The second halving landed on July 9th, 2016, decreasing rewards by half again to 12.5 BTC as Bitcoin traded for $664. This time, Bitcoin embarked on an even more dizzying bull run the following year, skyrocketing to $17,760 just 12 months later.

Most recently, on May 11th 2020 subsidies contracted downwards once more to 6.25 BTC with Bitcoin exchanging hands for $9,734. Mirroring the exponential reaction of the previous events, Bitcoin shot upwards to a record high of $67,549 by spring of 2021.

These consistent knee-jerk bull markets in response to predictable supply shocks point to a clear relationship between the Bitcoin halving mechanism and price. The increasing mainstream spotlight and hype fuels mass new user sign-ups from investors looking to capitalize on the gains.

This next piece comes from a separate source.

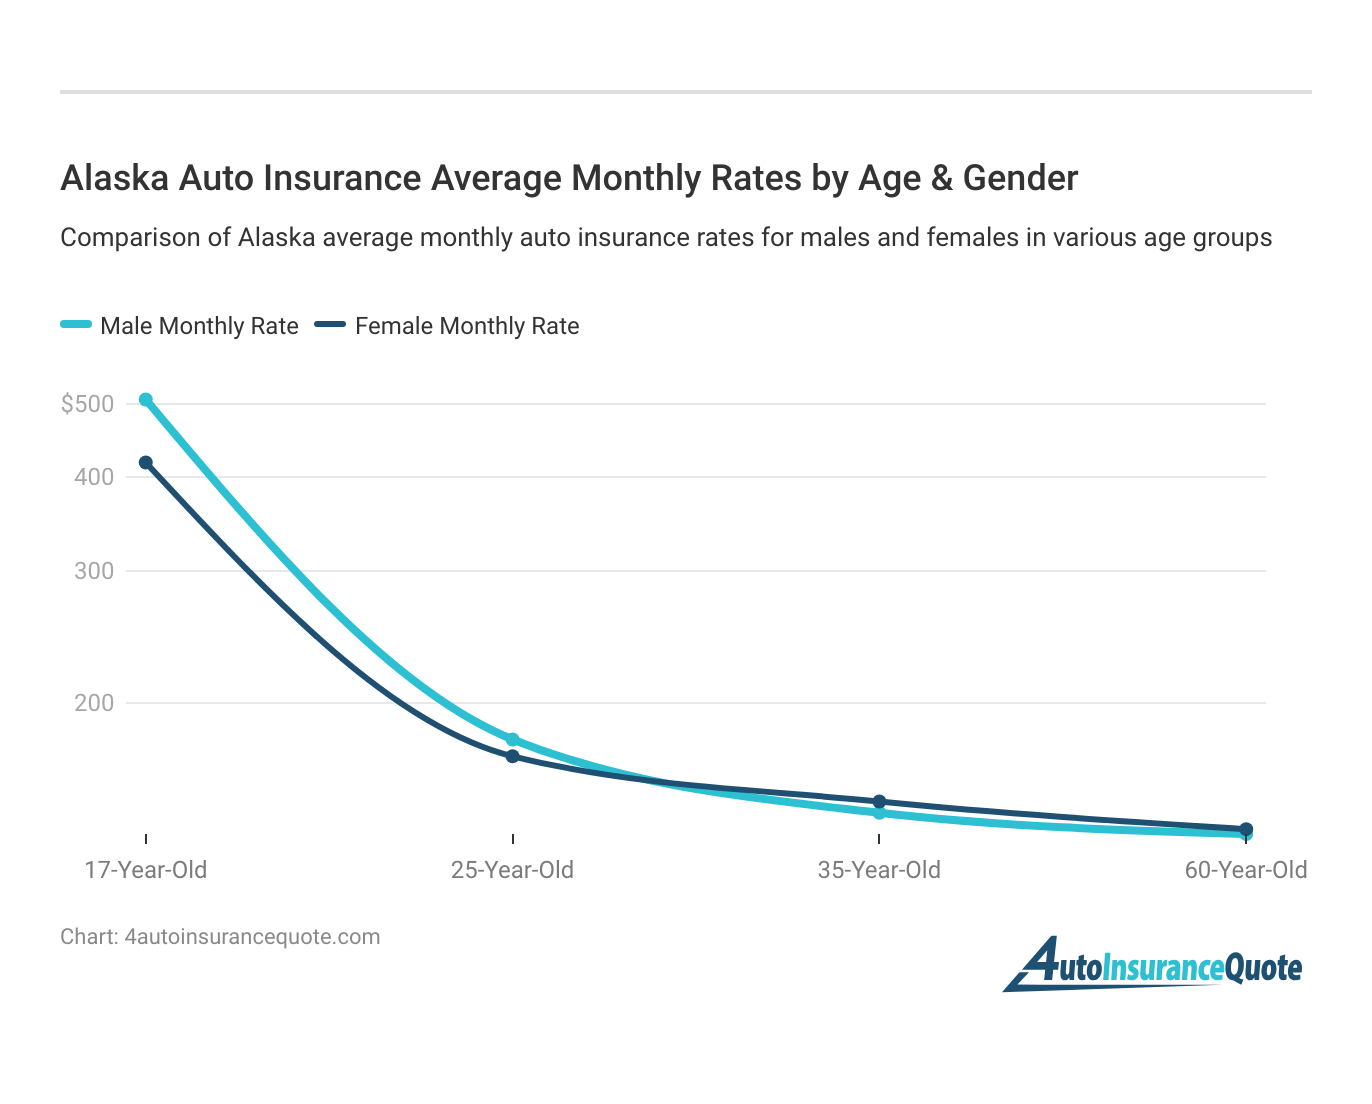 <h3>Alaska Auto Insurance Average Monthly Rates by Age & Gender</h3>
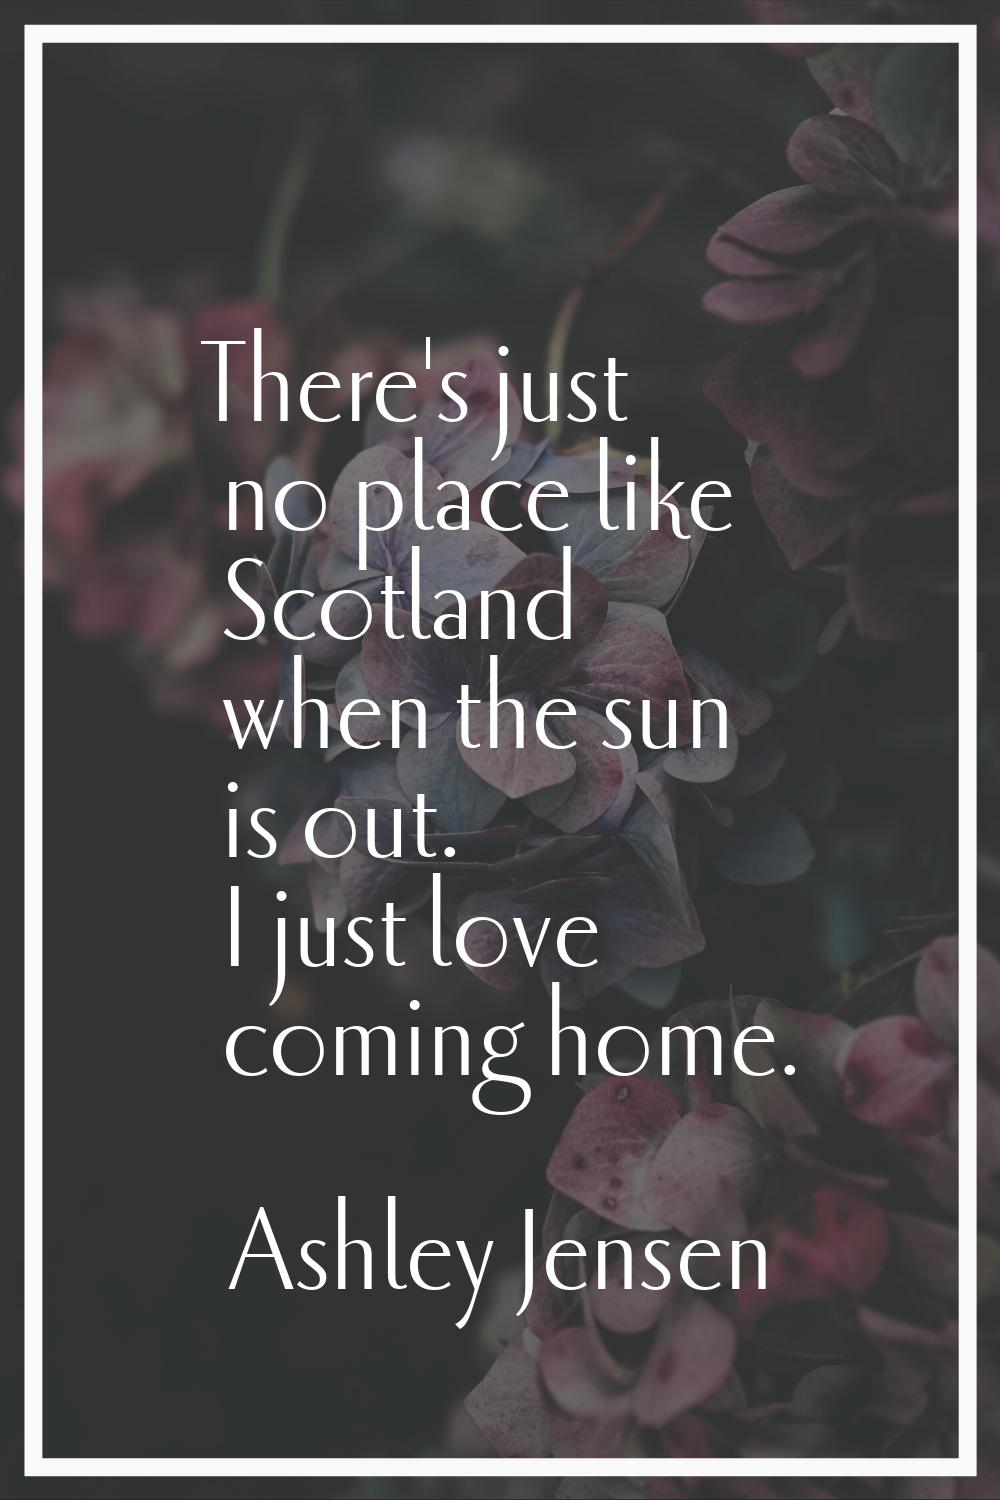 There's just no place like Scotland when the sun is out. I just love coming home.

Crypto Revenue Models That Benefit From Halving Events
Halving events in crypto create ripe opportunities for companies to capture new adopters and monetize the wave of growth that follows. As more users flood into Bitcoin and other cryptocurrencies during these cycles, many different services benefit from scaling revenues through onboarding new clients.

Exchanges, for example, facilitate easy market access for new users while charging small fees on trading volume, which typically grow into the billions when new adopters create supply and demand. Wallets and custody providers earn through account and transaction fees, as people need their help to securely store and transfer assets.

Lending protocols and Decentralized Finance (DeFi) entice depositors by offering attractive Annual Percentage Yields (APYs). These rewards are funded by interest from loans and platform fees. Brokerage services also earn deal flow from new investors wanting to buy and trade tokens.

As more participants enter the space due to the halving, companies that can onboard even a fraction of this user growth can scale revenues dramatically. As such, preparing to meet this demand surge is crucial to monetizing the opportunity.

Strategies for Crypto Companies To Take Advantage
So, just how can savvy companies capitalize on the influx of new crypto users from Bitcoin’s next halving?

Refined Public Relations Strategy
Many potential newbies still think crypto is shady and complicated. Thoughtful media relations can change these negative perceptions; for example, getting featured in mainstream outlets shows that crypto is accessible. Messaging should focus on security, compliance and ease-of-use. Briefing editors on safety measures for new user funds also goes a long way.

Improved User Experience Design
A smooth, enjoyable user experience signals quality to the crypto-curious. Clean graphical interfaces, guided tutorials, and multilingual support prevent confusion. Preparing customer support for basic newbie questions will also set companies up for success.

Targeted Advertising
With crypto advertising still scarce outside enthusiast circles, there’s a huge opportunity for companies to connect with potential high-value user segments where they already spend time online. Leveraging demographics, interests and intent through laser-focused digital campaigns will raise awareness. Referral incentives can then recruit satisfied customers as brand evangelists.

Global Accessibility
Partnerships with familiar payment platforms ease onboarding. Companies can also selectively educate high-potential markets lacking crypto awareness, then guide users from education to funding accounts and utilizing assets. This requires localization and personalized support.

Social Integrated Products
Integrating crypto wallet connectivity, NFT galleries, and P2P payments into large existing social platforms taps into highly-engaged user bases who already trust those networks. Bear in mind that tailoring product messaging toward social audiences requires an authentically conversational style which is not overtly technical.

Simplified Account Funding
Streamlining initial account funding reduces friction through bank partnerships, enabling bank account, debit card and mobile wallet connectivity. Intuitive flows like “Buy Crypto With Card” demonstrate crypto’s real-world utility while speaking to what assets can accomplish for new users, instead of assumptions about ideological knowledge. Explainer videos further demystify processes like custody and storage for those without a technological background.

The Best Prepared Will Most Benefit
Bitcoin’s hardcoded halving cycles have already expanded its community many times over, bringing waves of new demographics and fresh opportunities. As mathematically inevitable supply shocks once again spark rising demand, the companies able to capture this interest through intuitive design, targeted marketing, and strategic accessibility improvements will find themselves poised to ride the wave of the next acceleration in crypto adoption and growth.